As a result, samples of living matter are consistently more diverse in terms of molecular composition than their nonliving counterparts. This distinction holds true not only for amino acids but also for fatty acids, indicating that the diversity signal reflects a fundamental biosynthetic signature.

“Life will produce the building blocks it needs in order to function,” sums up Halevy.  

The method was created in the context of a proposed Israeli mission concept called Eureka. Kaspi, Halevy, Yoffe, and collaborators are developing this concept together with Israel’s aerospace industry. The goal is to send a small spacecraft to one or two of the Solar System’s icy moons – likely Europa, and perhaps also Enceladus – whose frozen crusts conceal vast subsurface oceans. Taking part in planning the mission is the space division of Israel Aerospace Industries (IAI), which is leading the spacecraft’s design. 

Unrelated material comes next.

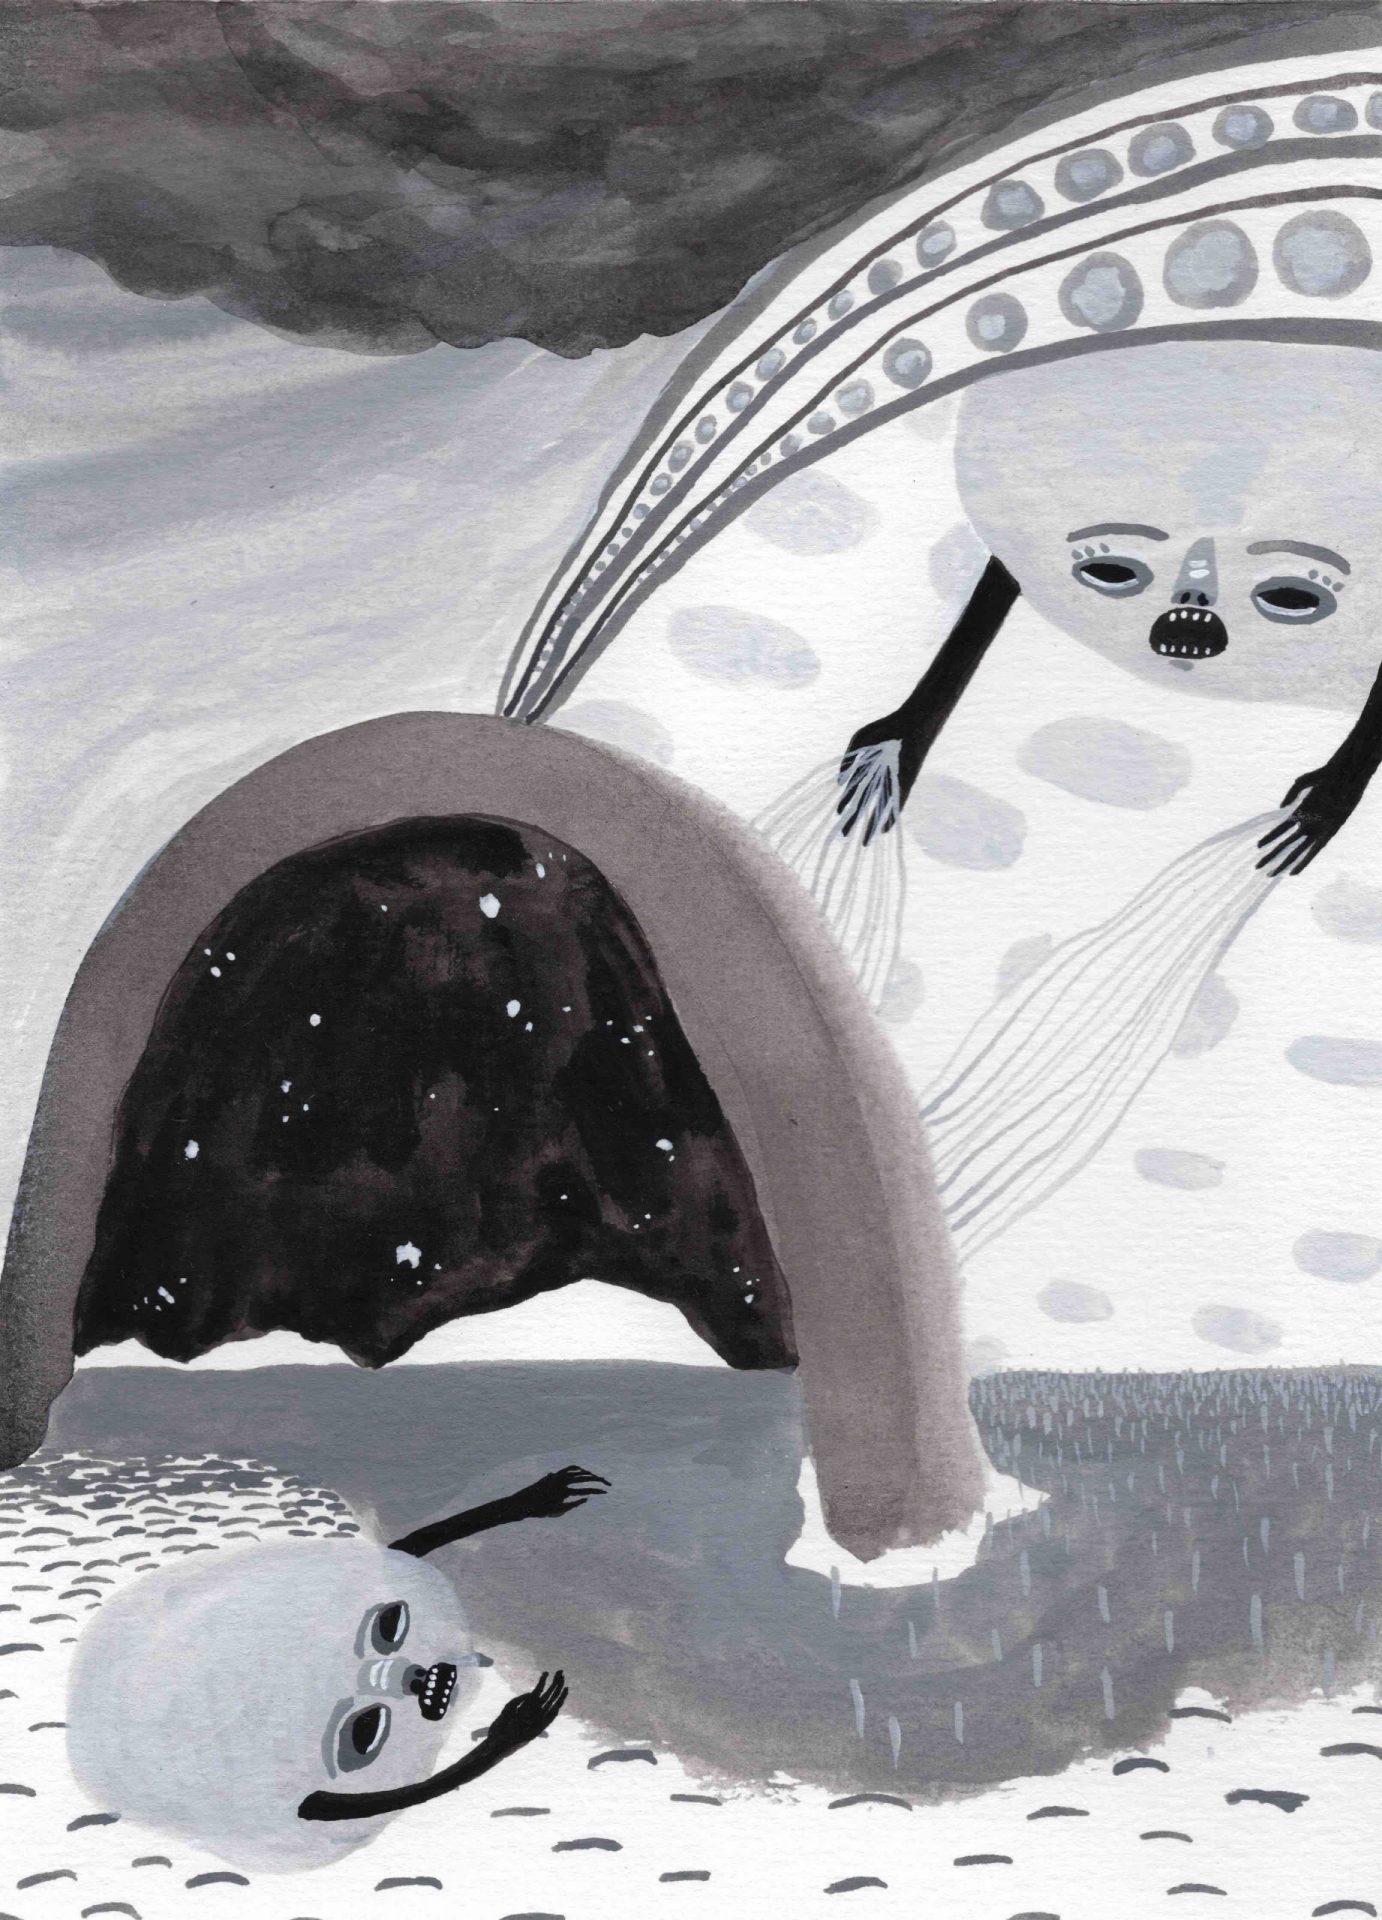 """Una maldición"" (2020) 14 x 19 cm. Acrylic gouache on paper."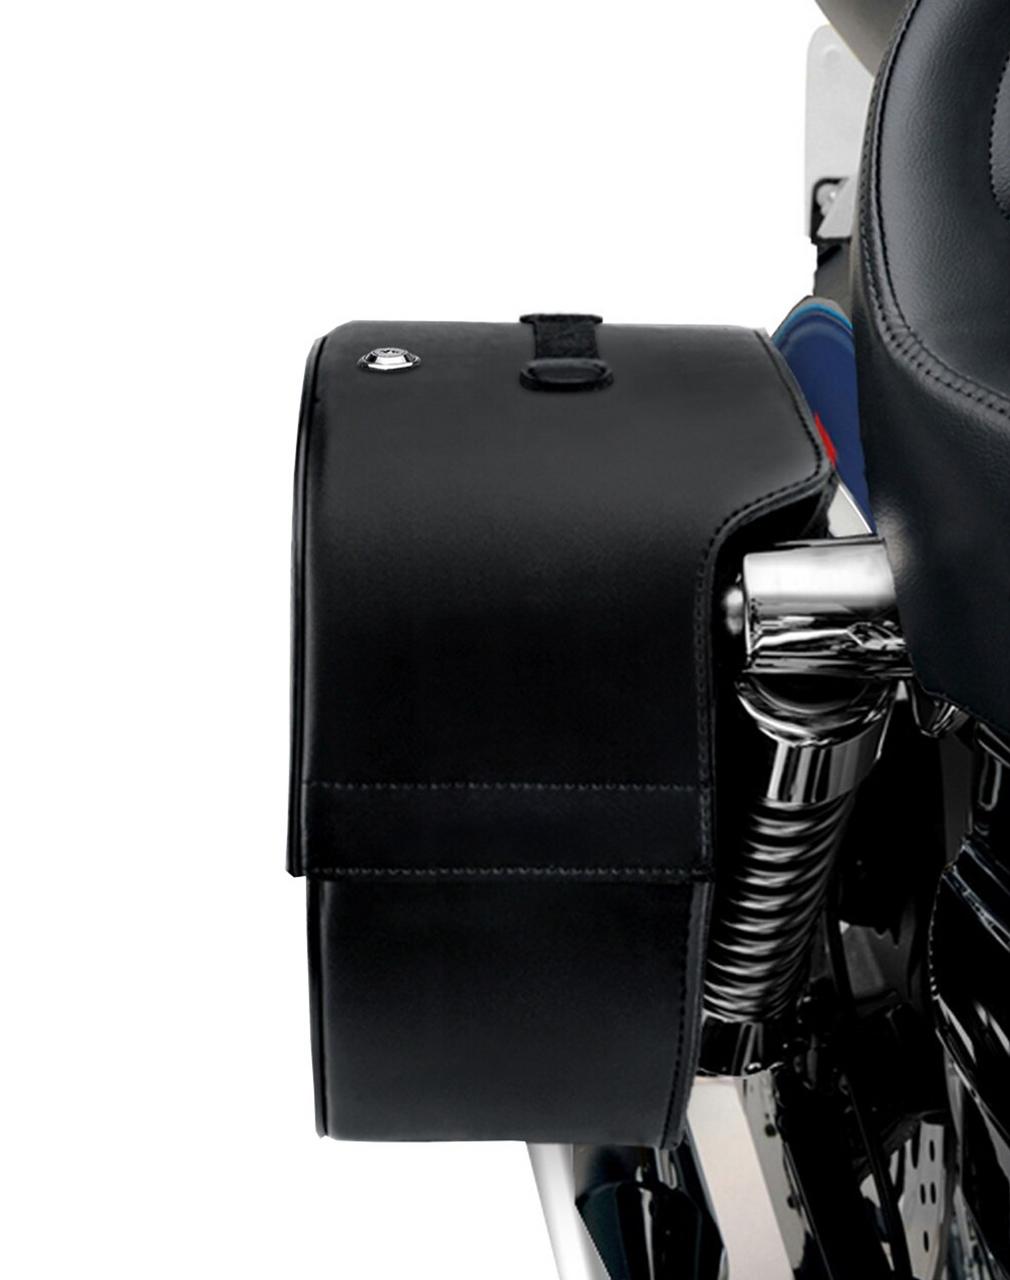 Honda VTX 1800 N Armor Shock Cutout Motorcycle Saddlebags Shock Cutout View

Before The Aliens The Amino Acids 2
Europa, an icy moon of Jupiter whose subsurface ocean may harbor alien life. Credit: NASA/JPL-Caltech/SETI Institute

“These subterranean oceans are especially interesting because conditions there may permit the emergence of life,” says Kaspi. Future missions may be able to sample material from those oceans, including molecules produced near seafloor hydrothermal systems, similar to those on Earth.

“Our approach does not require fancy analytical instruments,” Kaspi explains. “It can be applied quite simply with any method capable of measuring relative abundances of different molecules, such as mass spectrometry.”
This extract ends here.